Until now, I have used the free version of Google Colab. You get a Tesla K80 GPU with the free version, which is not going to be sufficient to train on the 147 cases. You are also limited on the runtime and memory, and your training will most certainly time out.
To overcome this, you can sign up for Google Colab Pro, or Pro+ to get access to faster GPUs with higher GPU memory that will allow us to train the neural network.
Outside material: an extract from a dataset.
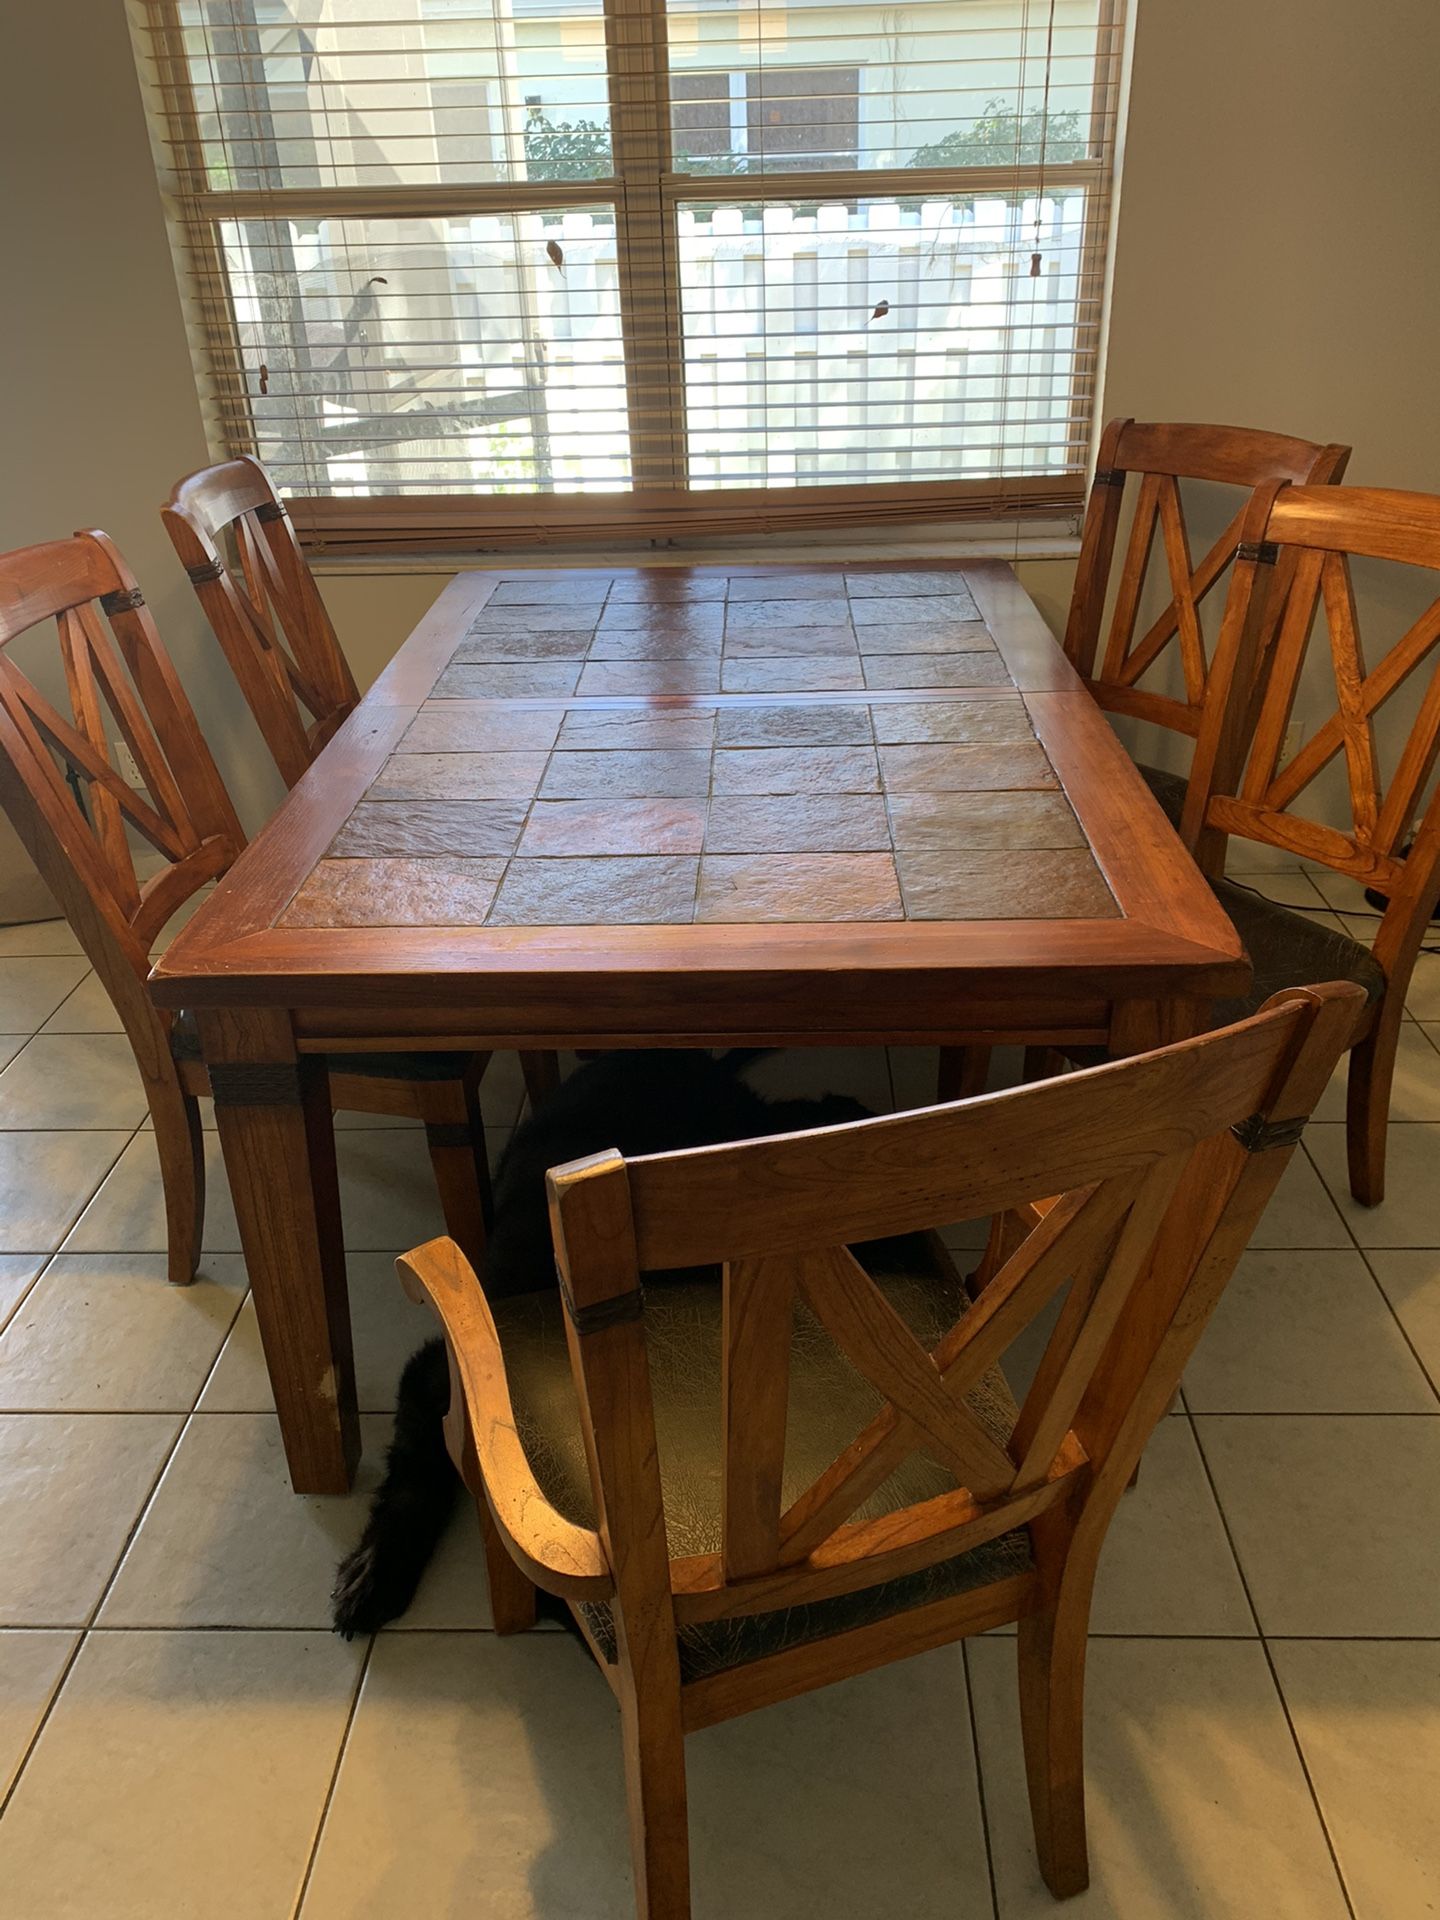 Rustic hardwood dining table with 5 chairs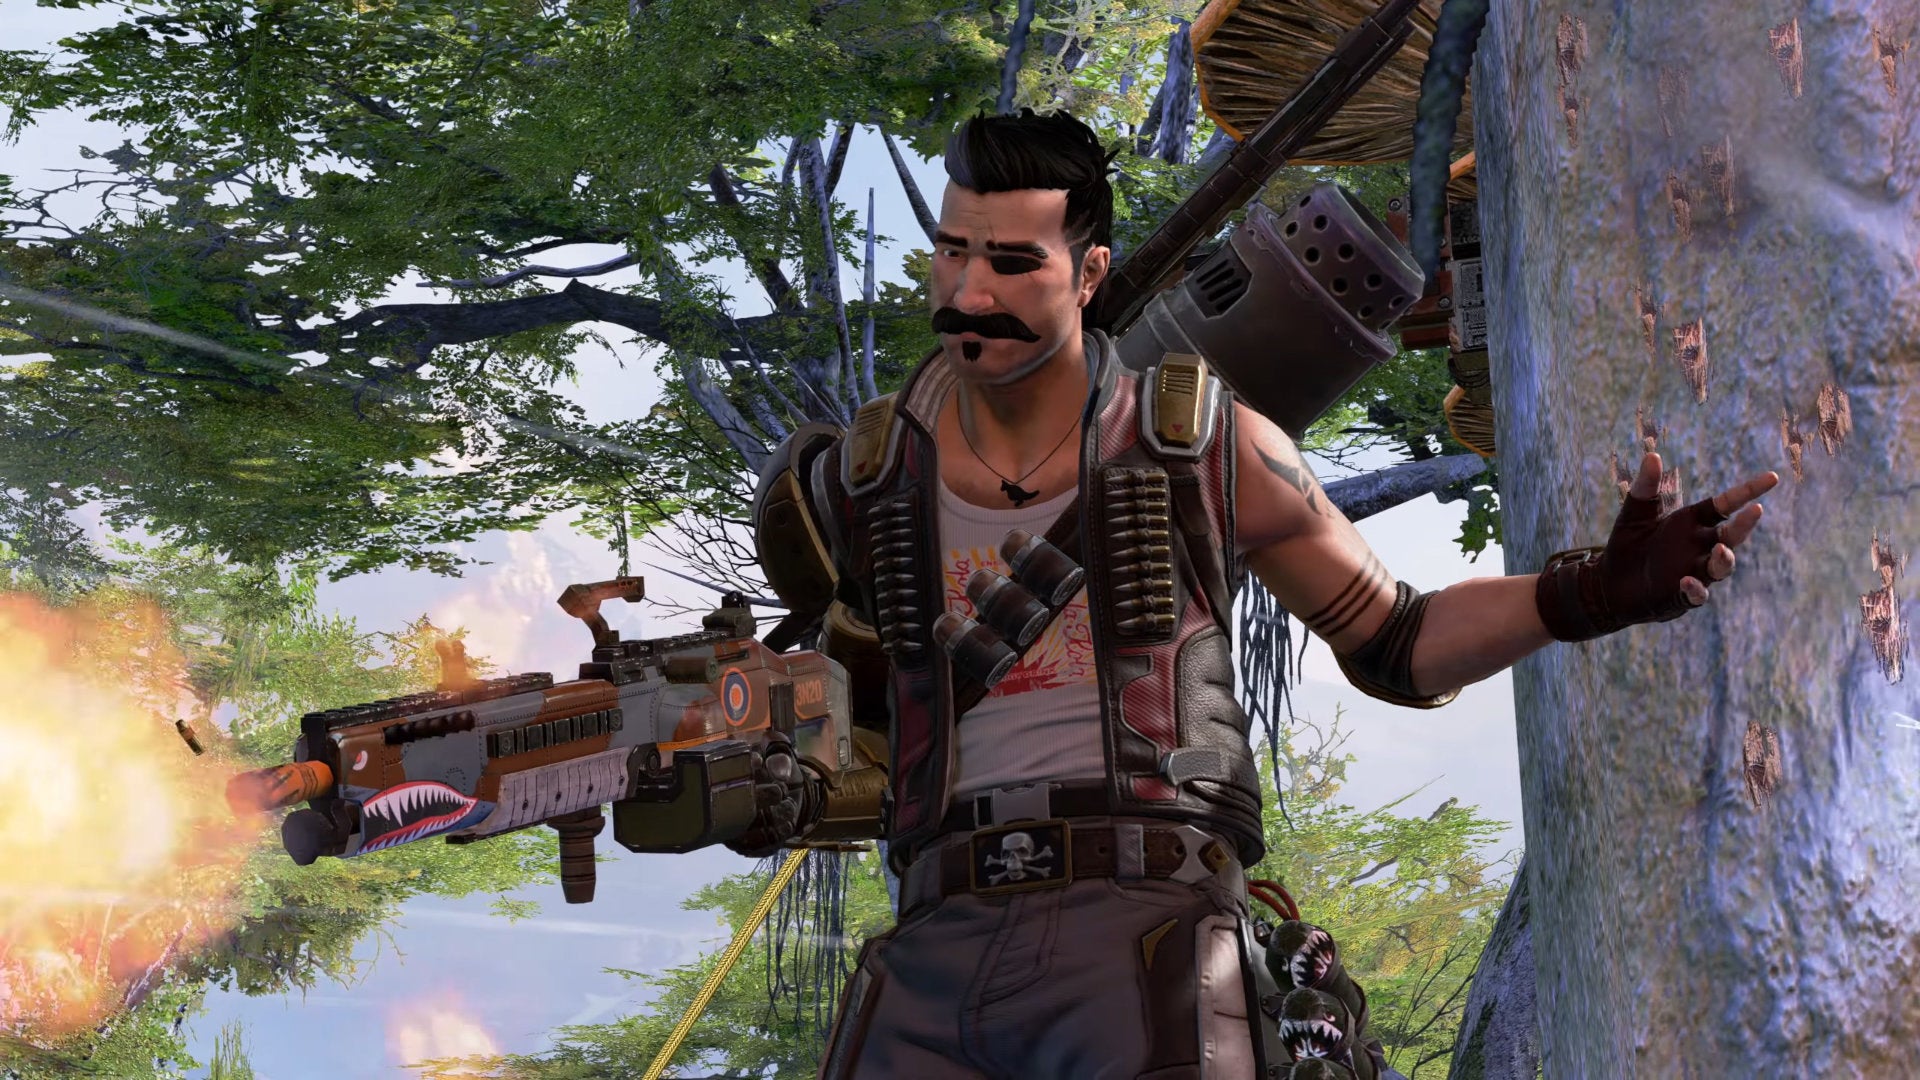 An Apex Legends screenshot of Fuse standing on the branch of a tree and firing his weapon.

For this project, I signed up to the Pay as you Go plan, and purchased 100 compute units for $9.99. This gives us access to faster GPUs and more memory as well. I was able to complete both the training and inference tasks and still had about 10 compute units remaining. Unused units expire after 90 days. After the purchase, you can gain access to the faster GPU and more memory by going to the Runtime → Change Runtime Type menu in your Colab notebook.
You may see the NVIDIA P100 (Pascal architecture), V100 (Volta architecture), or the A100 (Ampere architecture) as your available options for GPU Type. Choose A100, as this is the fastest GPU among the selection available. Also, choose the High RAM option for more GPU memory.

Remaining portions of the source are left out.